Feb. 18 (UPI) -- Lithium metal batteries could soon be ready for commercialization thanks to the development of a new ultrasound device.
The technology, developed by engineers at the University of California San Diego, improves the charge and run times of the batteries.
Lithium metal batteries, LMBs, boast twice the capacity of today's best lithium ion batteries, but their short lifespans have prevented the technology's widespread commercial adoption.
LMBs are prone to the formation of dendrites, lithium metal growths that diminish performance. Scientists found that by exposing an LMB to sound waves at extremely high frequencies, they were able to create a circulating current in the electrolyte liquid sandwiched between the battery's anode and cathode -- thus, curbing the growth of dendrites.
Researchers built the ultrasound device, described Tuesday in the journal Advanced Materials, using commercially available smartphone components.
"Advances in smartphone technology are truly what allowed us to use ultrasound to improve battery technology," study co-author James Friend, a professor of mechanical and aerospace engineering at UCSD, said in a news release.

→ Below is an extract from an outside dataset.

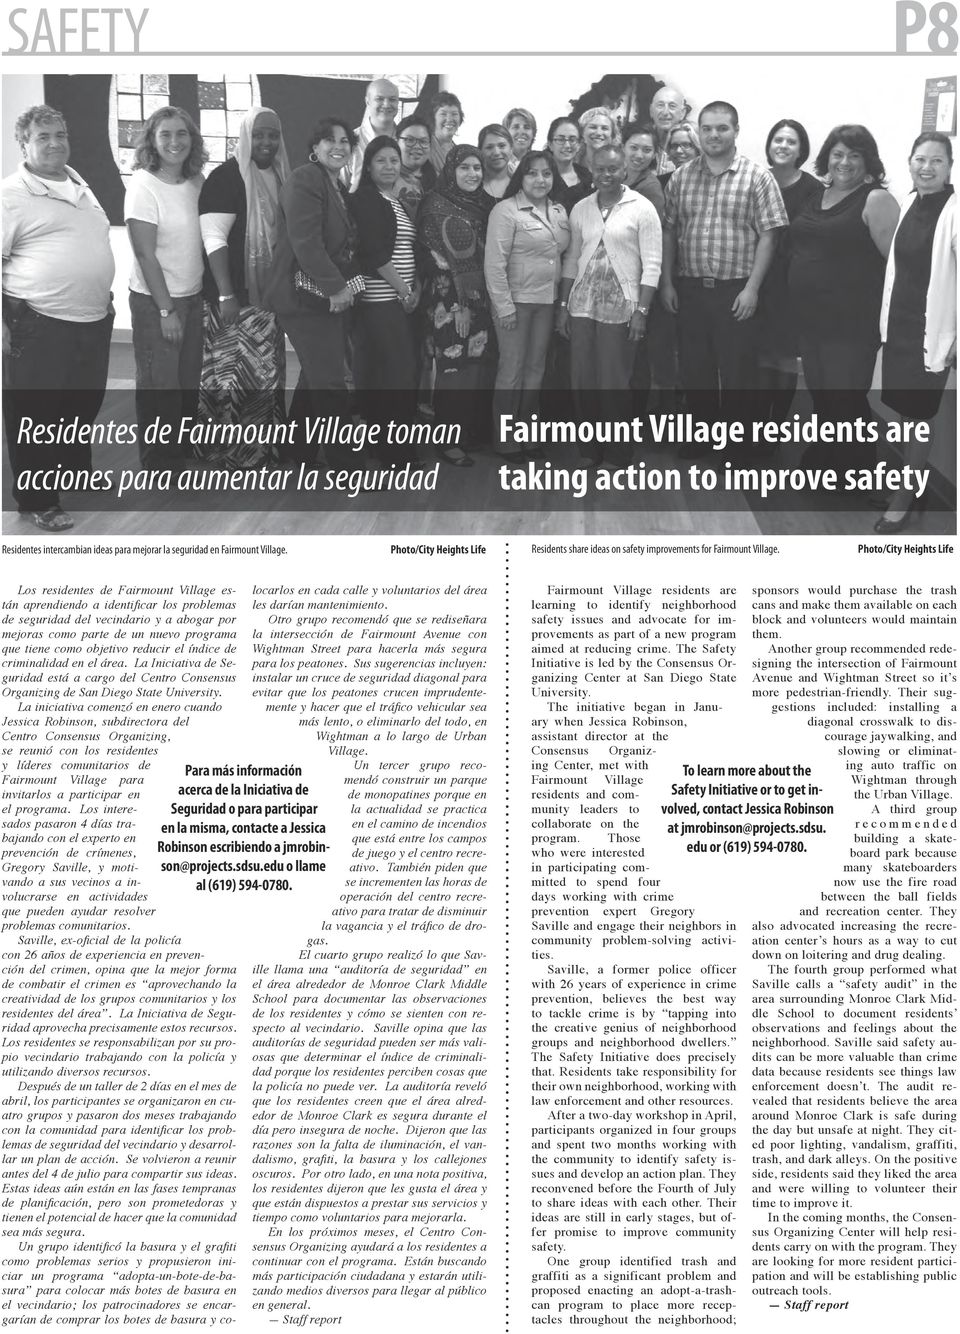 Photo/City Heights Life Los residentes de Fairmount Village están aprendiendo a identificar los problemas de seguridad del vecindario y a abogar por mejoras como parte de un nuevo programa que tiene

When researchers connected their ultrasound device to a lithium metal battery, they were able to charge and discharge the battery 250 times before its performance was diminished by dendrite formation. With the addition of the device, researchers were able to charge and discharge a lithium ion battery 2,000 times.
"This work allows for fast-charging and high energy batteries all in one," said senior author Ping Liu, professor of nanoengineering at UCSD. "It is exciting and effective."
Without the device, the electrolyte liquid in lithium batteries is static. As a result, lithium is more likely to deposit unevenly on the anode during charging, increasing the chance of dendrite formation and growth.
By exciting the electrolyte and causing it to flow through exposure to ultrasound waves, researchers were able to help the lithium deposit more densely and uniformly across the anode, preventing dendrite growth.
"Our next step will be to integrate this technology into commercial lithium ion batteries," said co-author Haodong Liu, nanoengineering postdoctoral researcher at UCSD.